Motorists impatient with cyclists should watch out for a ghostly spectre as they drive past the scene of a fatal bike crash on Auckland's Tamaki Drive.
Chained to a post across the road from where pedalling British nurse Jane Bishop was killed by a truck in November as she swerved to avoid an opening car door is a large white bike which appears to have popped up out of nowhere several weeks ago.
But although there is nothing on it to state its purpose or to indicate who put it there, it seems part of an international movement to commemorate fallen cyclists with "ghost bikes" to keep silent watch over where they died.
Cycle Action Auckland deputy chairwoman Barbara Cuthbert, a campaigner for safety improvements on Tamaki Drive, said yesterday she admired whoever provided the bike but had no idea of that person's identity.
"A ghost bike just turns up - it represents the ghost-rider of the person killed there," she said.
"Yes, it is somewhat macabre but at the same time I think it's a very reasonable reminder of an event we never want to see repeated on Tamaki Drive."
According to the website ghostbikes.org, the idea of providing "small and sombre" memorials to dead pedallers began in St Louis, Missouri, in 2003 and has spread to more than 100 places throughout the world.
"They serve as reminders of the tragedy that took place on an otherwise anonymous street corner and a quiet statement in support of cyclists' right to safe travel," says the website, which is hosted by the New York City Street Memorial Project.
"We hope to create a space where those lost on dangerous streets can be remembered by their loved ones, members of their local communities and others from around the world.
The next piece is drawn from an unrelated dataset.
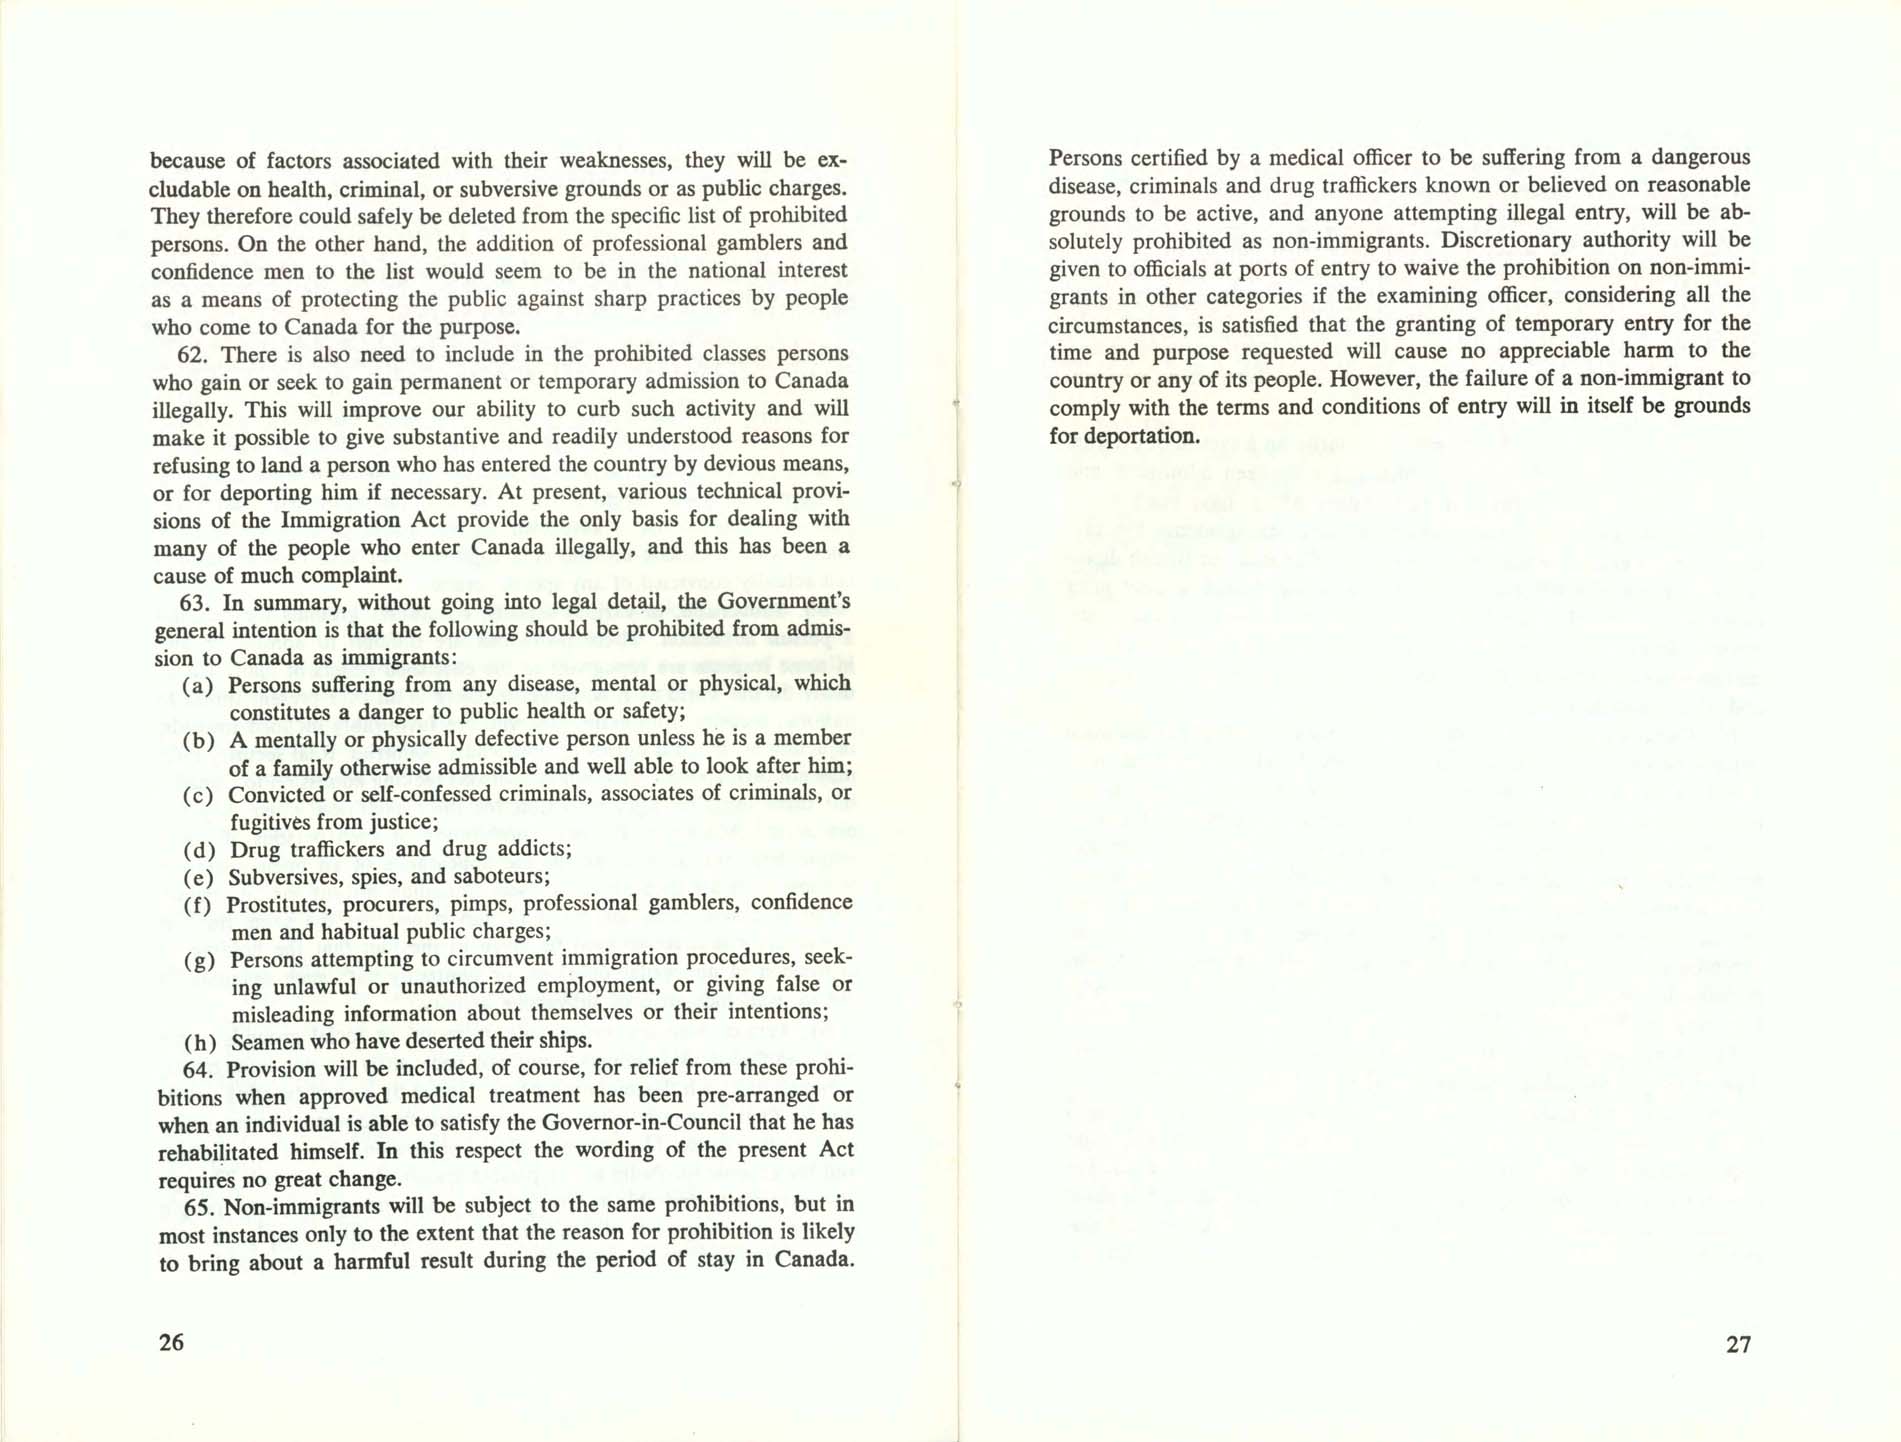 Page 26, 27 White Paper on Immigration, 1966

We also hope to inspire more people to start installing ghost bikes in their communities and to initiate changes that will make us all safer on the streets."
Although the Tamaki Drive apparition has yet to appear on the website's global register, two ghost bikes provided at fatal crash sites near Whangarei by keen cyclist and shop worker Ryan Branson are listed on it.
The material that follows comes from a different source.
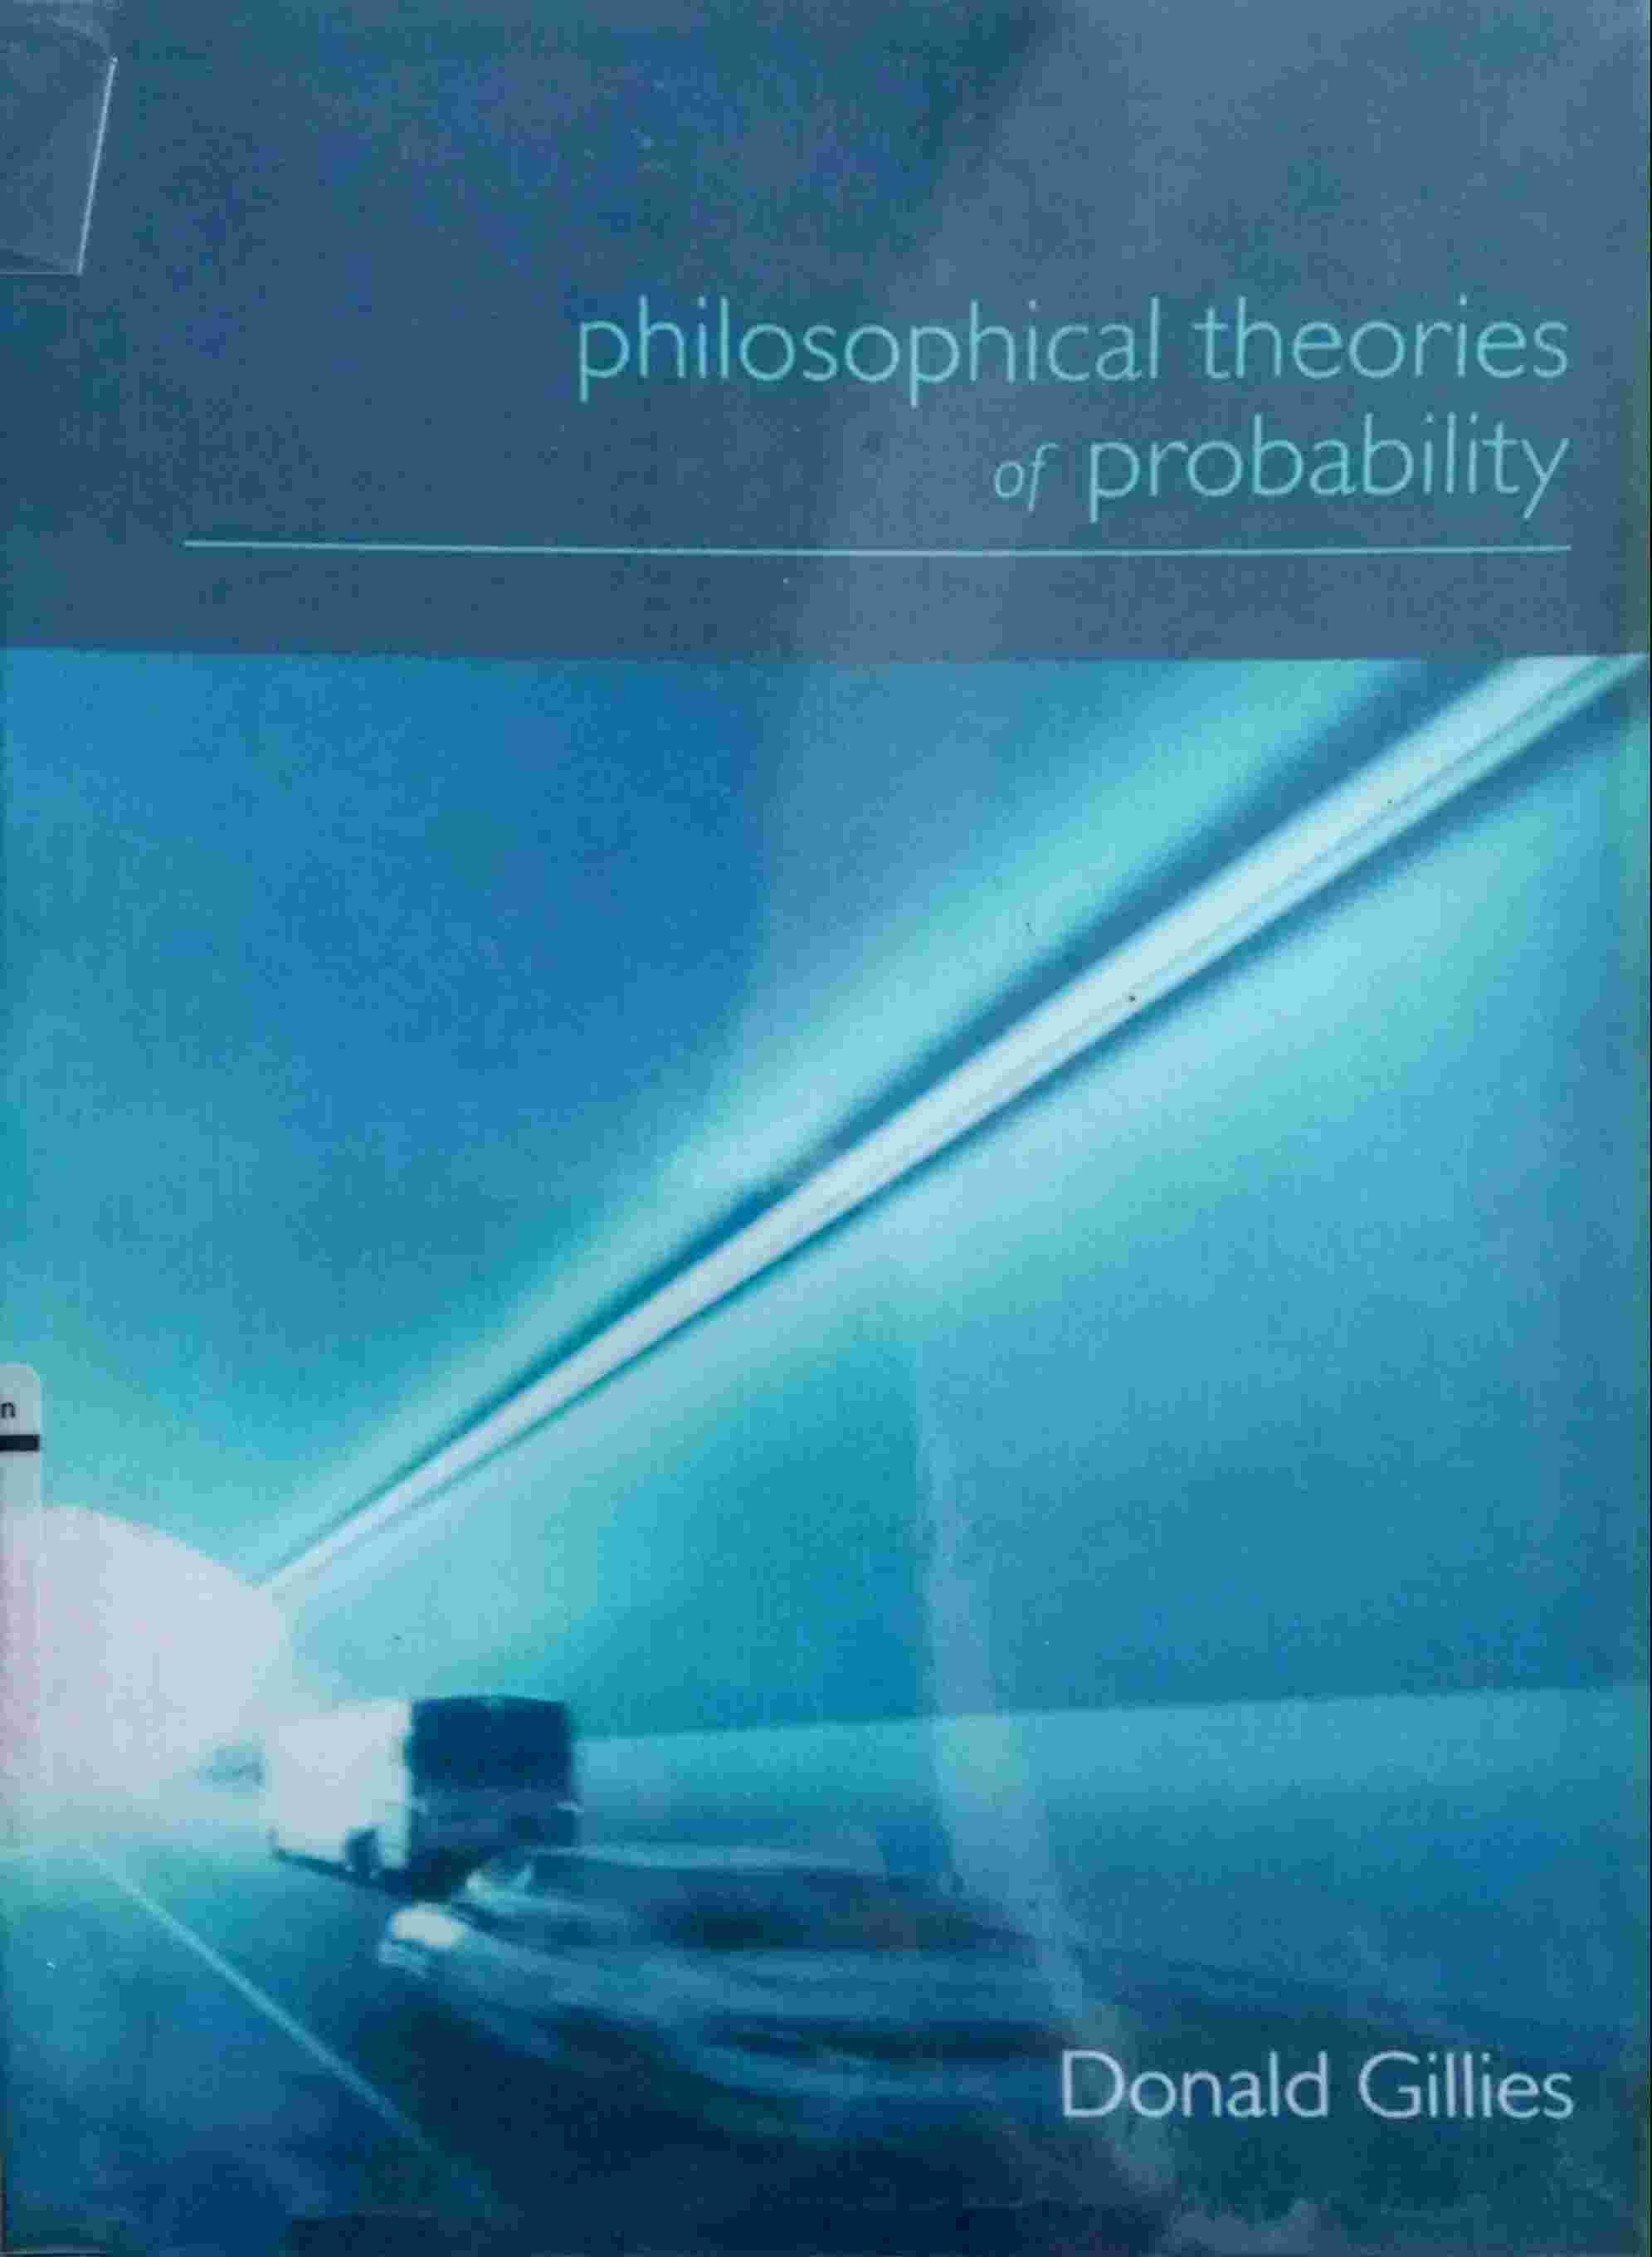 PHILOSOPHICAL THEORIES OF PROBABILITY

Mr Branson, who was unaware of but pleased to be told about the Auckland memorial, painted an old bike to put beside the road at Maungatapere to mark the death of road safety campaigner Fred Ogle at the hands of a hit-and-run driver in August 2008.
The following month, he found himself getting out his paintpot again after travel agent and athlete Lynley McDonald was knocked off her bike and killed while riding with her father along Pipiwai Rd, northwest of Whangarei.
Mr Branson has also dedicated a third machine to the cause, after his first memorial to Mr Ogle was vandalised soon after its installation, but says both ghost bikes have since become accepted parts of the Northland landscape.
"They are like the white crosses you get for people in cars, or pedestrians," he said.
"When you think of the time involved in getting an old bike and painting it, it's worth it in the end as a bit of awareness."
Mr Branson said Auckland drivers did not have a monopoly on failing to keep 1.5m away from cyclists when passing them.
"It doesn't seem to be working with some people up here [in Northland]," he said.
"I notice a lot of logging trucks and large commercial vehicles giving us more attention by giving us a wider berth, but a lot of cars are getting pretty close."